In situ semi-quantitative imaging of intracellular metabolic interaction by confocal Raman microscopy.
Wanying He, Minxiao Wang, Zhaoshan Zhong, Hao Chen, Shichuan Xi, Huan Zhang, Mengna Li, Wenhao Sun, Yan Zhang, Yun Wang, Xiaoxiao Guo, Lianfu Li, Zengfeng Du, Zhendong Luan, Chaolun Li
Abstract
Open AccessNon-destructive subcellular metabolite quantification can reveal critical insights into biological interactions (e.g., endosymbiont-host crosstalk). Therefore, we developed a multivariate semi-quantitative imaging method using internal standardization to resolve simultaneous subcellular distributions of multiple metabolites, leveraging confocal Raman microscopy's (CRM's) high spatial resolution.
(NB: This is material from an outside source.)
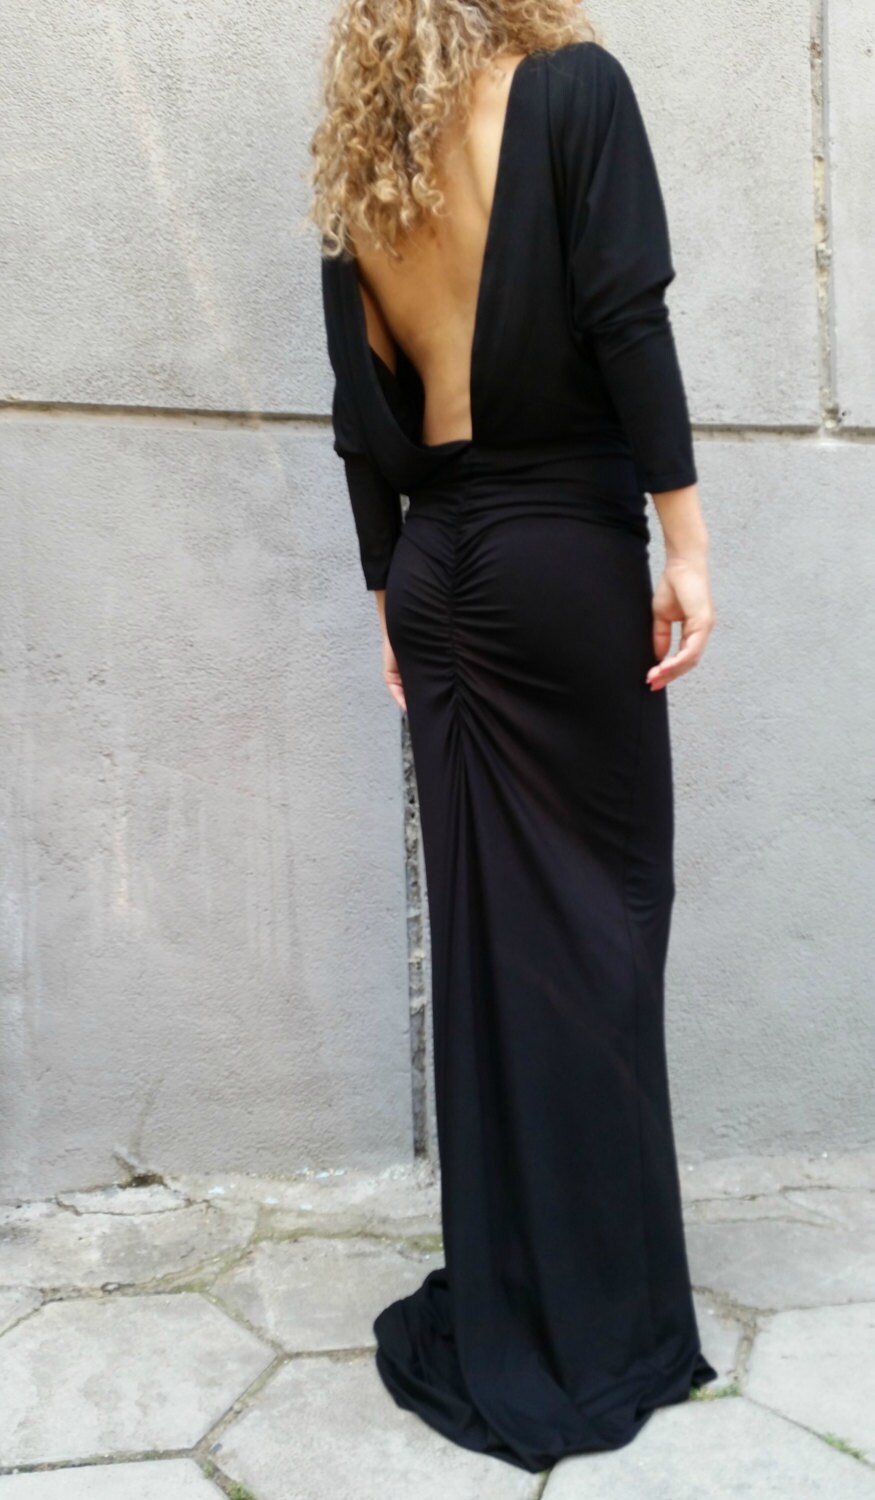 Long Sleeve Maxi Dress Loose Open Back Black Dress Dolman | Etsy Hong Kong

The method was applied to the endosymbiotic mussel Gigantidas platifrons, whose symbiotic interaction mechanism has not been elucidated because symbionts cannot be cultivated. The results showed that the aggregated distribution of distinct phenotypes of symbiont strains was characterized by different glycogen abundances, indicating niche-driven metabolic strategies. Our data may provide direct evidence suggesting that symbionts supply intermediates to the host for cholesterol synthesis, potentially via vesicular trafficking. This work demonstrates CRM's capacity for comparative, spatially resolved metabolite quantification across cellular compartments. While semi-quantitative, CRM emerges as a powerful non-invasive tool for probing metabolic network dynamics and compartmentalization in challenging biological systems where traditional methods are limited.